Лифт как-то нерешительно затормозил и повис, раскачиваясь на проржавелых тросах. Детектив поспешил покинуть эту обитель человеческого пофигизма, дав себе зарок, что вниз он спустится на своих двоих. Квартира Россомахина представляла собой смесь японского минимализма и чисто-русской тяги к дорогим предметам мебели. В данном случае их роль выполняли всякие антикварные секретеры, тумбочки, подставки и пуфики, расставленные по всему бело-голубому японскому интерьеру. Все они смотрелись одинаково, как золой фонтан посреди пустыни. Наверное, японец, увидав такое, тут же сделал себе харакири, поняв, что мир ушел в безвкусицу. Однако русскому Бочкину задумка хозяина понравилась. Мило тут было и уютно. Несмотря на то, что во всех помещениях толпились люди из следственной бригады.

— Вы кто? — строго спросил его один из них еще в прихожей.

— Это ко мне, — быстро отреагировал, выглянувший из гостиной Кутепов и сразу перешел к делу, — Ну, что ты скажешь?

— Портрет не нашли? — без надежды спросил Петр.

— Да ну тебя! — в сердцах отмахнулся следователь, — У тебя навязчивая идея какая-то. Я думаю, что Россомахин вообще никакого отношения ни к Бурхасону, ни к портрету твоей Марго не имел.

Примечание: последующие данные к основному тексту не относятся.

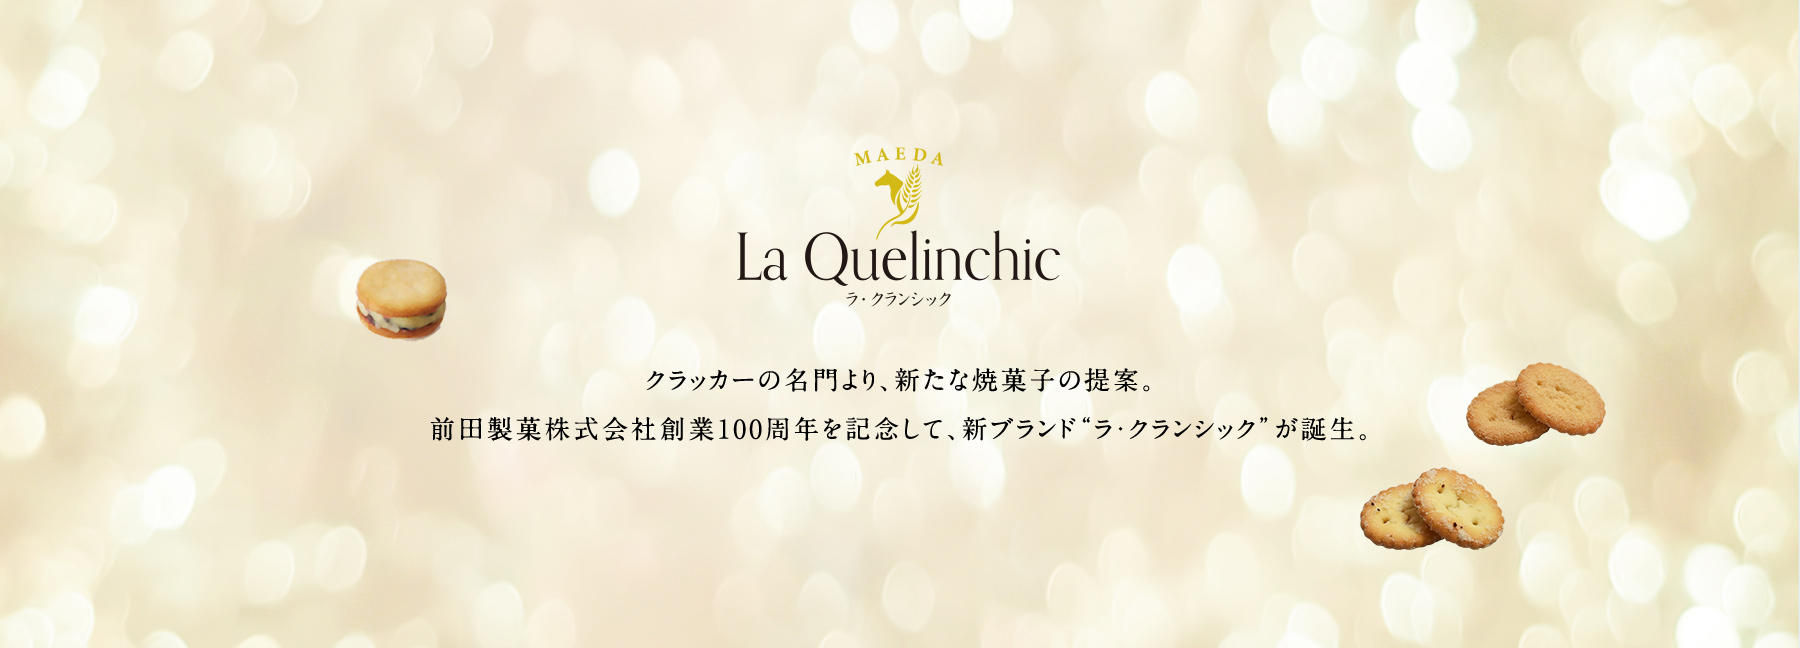 クラッカーの名門より、新たな焼菓子の提案。前田製菓株式会社創業100周年を記念して、新ブランド“ラ・クランシック”が誕生。

— Ага! То-то его шлепнули!

— Можно подумать у нас теперь шлепают только тех, кто как-то связан с Бурхасоном или Ляпиным, — проворчал Кутепов.

Однако было видно, что версия трагических совпадений на Петровке уже не прокатила. Видимо, начальство заставляет его разрабатывать все три убийства в одном флаконе.

— И ведь черт бы его взял! — в сердцах воскликнул он, махнул рукой и пошел назад в гостиную.

— Взял уже, — буркнул Петр и потащился за ним следом.

В комнате, сидя на корточках один оперативник описывал место происшествия под диктовку другого.

— … на лицо следы проводимого в квартире обыска. Вещи раскиданы по полу… — монотонно бубнил он.

Тот, который писал, приостановился, глянул на диктовавшего и задумчиво вопросил:

— Коль, а «по полу» слитно пишется или раздельно?

— Иди ты на хрен! — так же монотонно ответил ему коллега, — Не все ли тебе равно?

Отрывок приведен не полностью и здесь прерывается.